Endemic to Madeira Island. Widespread on the northern and southern slopes, from low altitudes up to 700 m. Occurs in thermophilic coastal areas and ravines where Globularia salicina Lam. grows, but also in areas with continuous water supply. Adult specimens were collected from May to August on two endemic plants, G. salicina and Deschampsia argentea Lowe , and on the widespread Bituminaria bituminosa (L.) C.H.Stirt. It was also found on Echium L., Rubus L. and Euphorbia L. ( Hoch & Remane 1985; Remane & Hoch 1986).

Remarks

The Hyalesthes angustulus species group comprises five species (see Hoch & Remane 1985). Two of them are endemic to the Canary Islands, H. flavipennis and H. teno Remane & Hoch, 1986 , and two others are endemic to the island of Madeira, H. madeires and H. portonoves . The last species, H. angustulus , occurs in the Canary Islands and North Africa.

Horváth (1909) described H. angustulus and H. flavipennis from the Canary Islands but did not provide pictures of the male genitalia. This incomplete description led Lindberg to misidentifications of Madeira specimens. Initially, in 1941 Lindberg reported H. angustulus for Madeira without pictures ( Lindberg 1941).

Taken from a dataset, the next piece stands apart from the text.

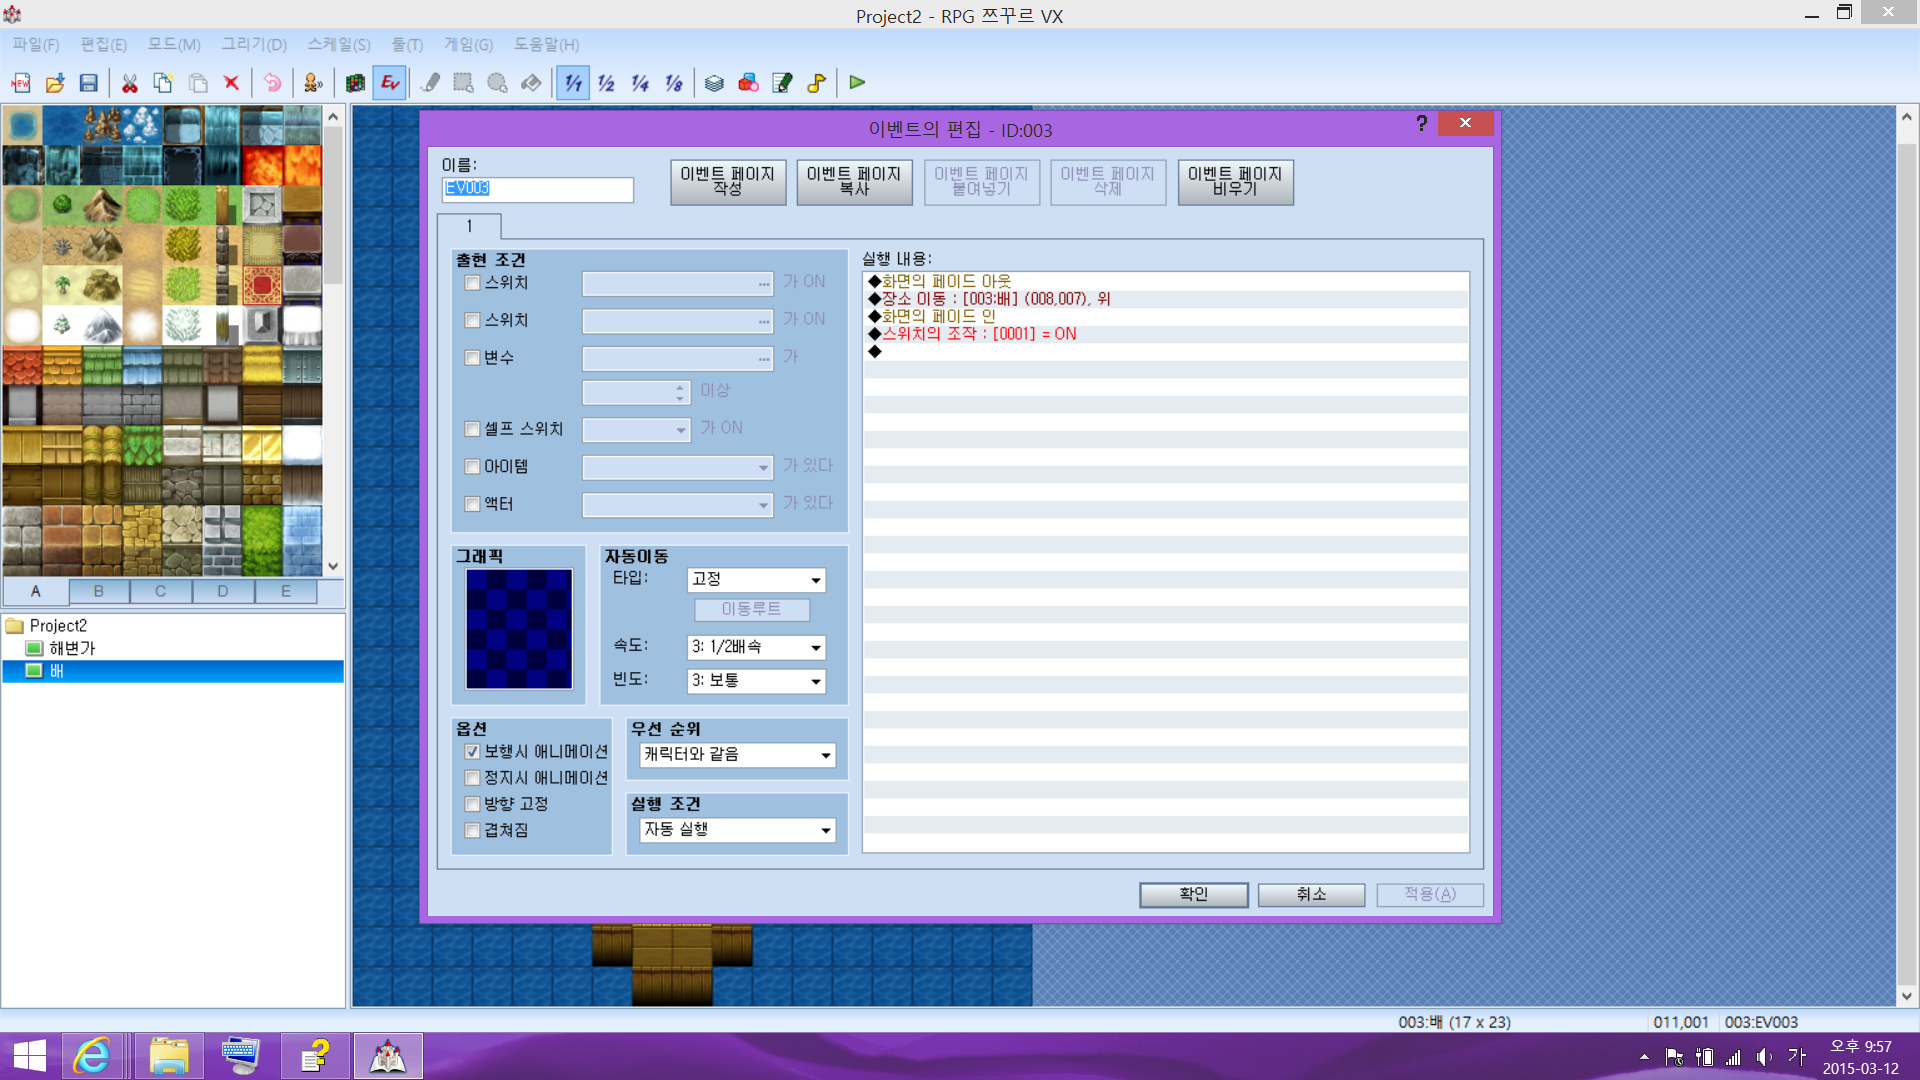 RPGMVX Screenshot1.png

Later, in his work on the fauna of Cyprus ( Lindberg 1948), he illustrated and compared both species morphologically. He also stated that these two species occurred in the Canary Islands and referred to his previous work (“see Lindberg, 1936”), but did not mention on what material his drawings were based or whether Horváth’s material was available to him. In 1961, based on the same material of 1941 and new specimens collected by him, he mentioned that the specimens of H. angustulus from Madeira identified by him in 1941 were H. flavipennis ( Lindberg 1961) . Again, he drew what he believed to be the first illustrations of the genitalia of both species (no indication of the origin of the illustrated specimens) ( Lindberg 1961: 54, fig. 4a–f). Although the drawings of 1948 and 1961 are both attributed to the same species, they show substantial differences. Only the one that Lindberg (1961) erroneously attributed to H. flavipennis resembles H. madeires in the shape of the aedeagus. Hoch & Remane (1985) studied most of Lindberg’s material from Madeira and identified all specimens as H. madeires , a new species. Together with this species they described H. portonoves , absent in Lindberg’s material.

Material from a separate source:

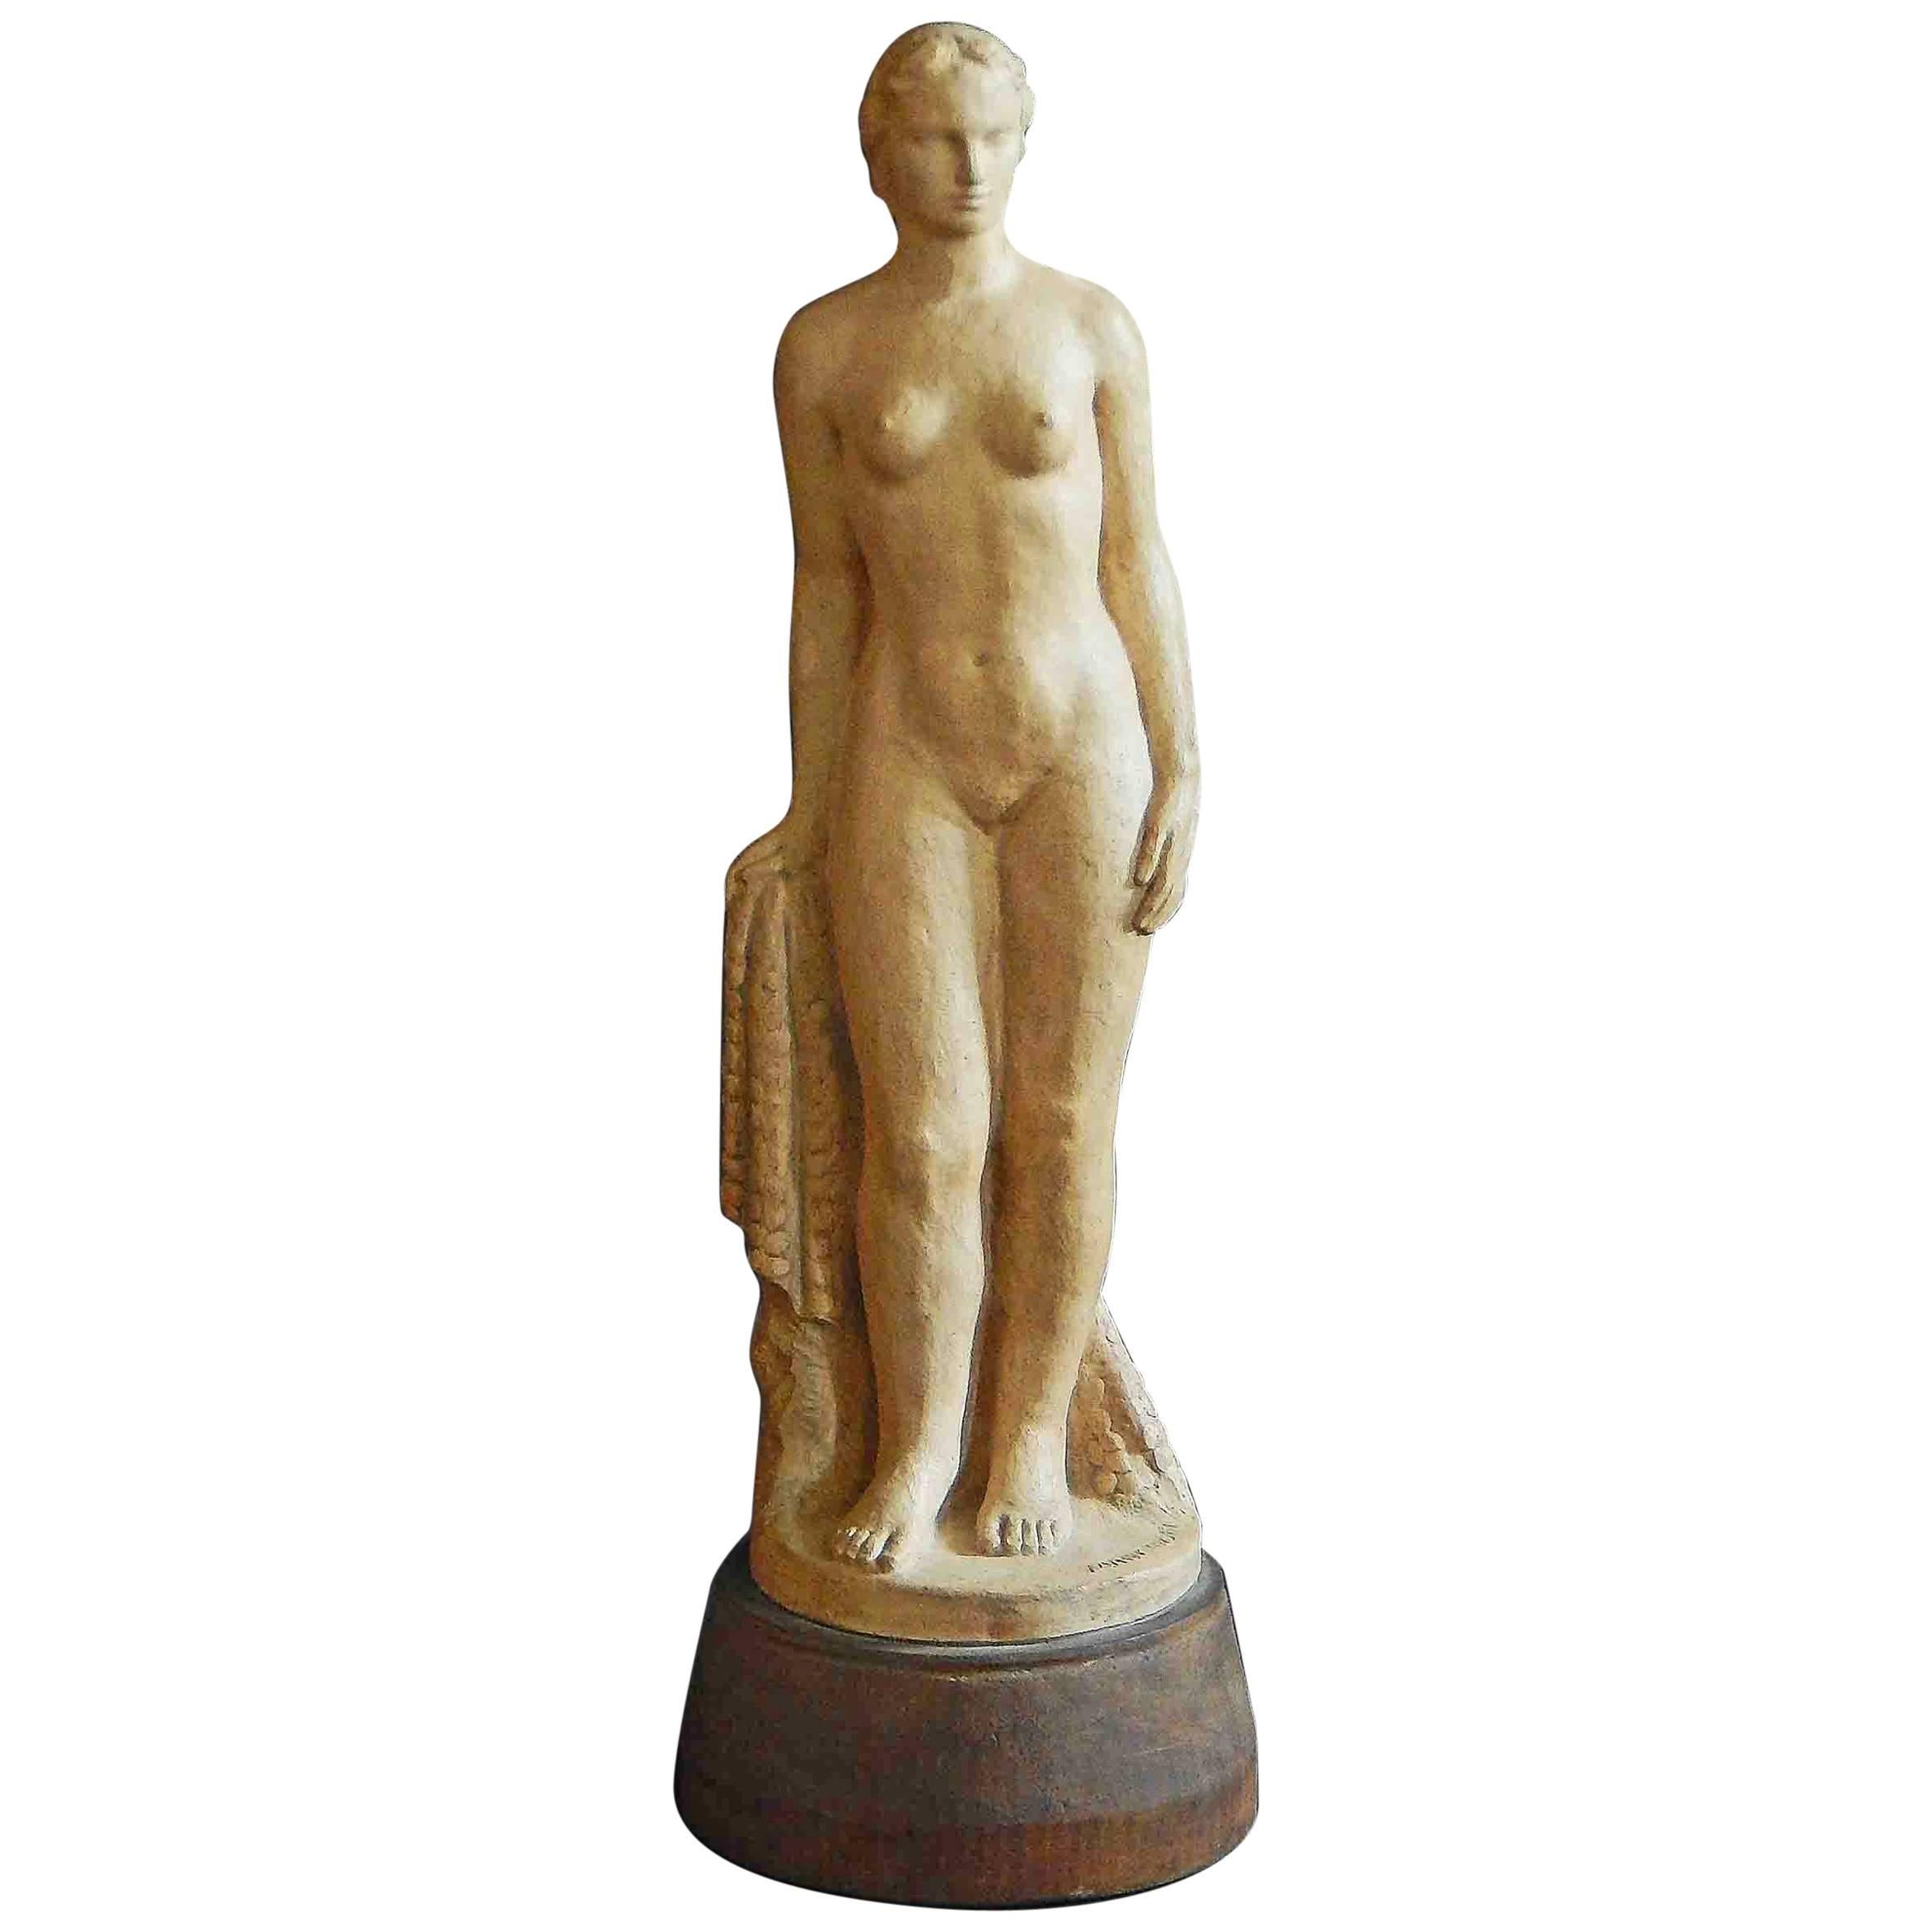 "Statuesque Female Nude, " Superb Art Deco Sculpture by Mankowski

Hyalesthes madeires is very similar to H. portonoves , but the width of the anterior margin of the vertex is significantly different in the males of both species (F 1,40 = 25.6, p <0.05) but not in females (F 1,24 = 1.81, p = 0.19). On the contrary, the opposite is true for the other characters of the body. The males are similar in all the features, BL (F 1,43 = 0.172, p = 0.68), PW (F 1,42 = 2.11, p = 0.15), WL (F 1,40 = 0.165, p = 0.68), MW (F 1,45 = 0.00, p = 0.93) and ML (F 1,45 = 0.018, p = 0.89) (see Table 1 View Table 1 ), while the females diverge in all, BL (F 1,24 = 12.02, p <0.01), PW (F 1,30 = 7.27, p <0.05), WL, (F 1,24 = 8.30, p <0.01), MW (F 1,30 = 9.09, p <0.01), except in the length of the mesonotum (F 1,30 = 2.33, p = 0.13). In addition, there is intraspecific variation in the shape and width of the vertex; even within the same population, in some cases, the variation in body size can be large.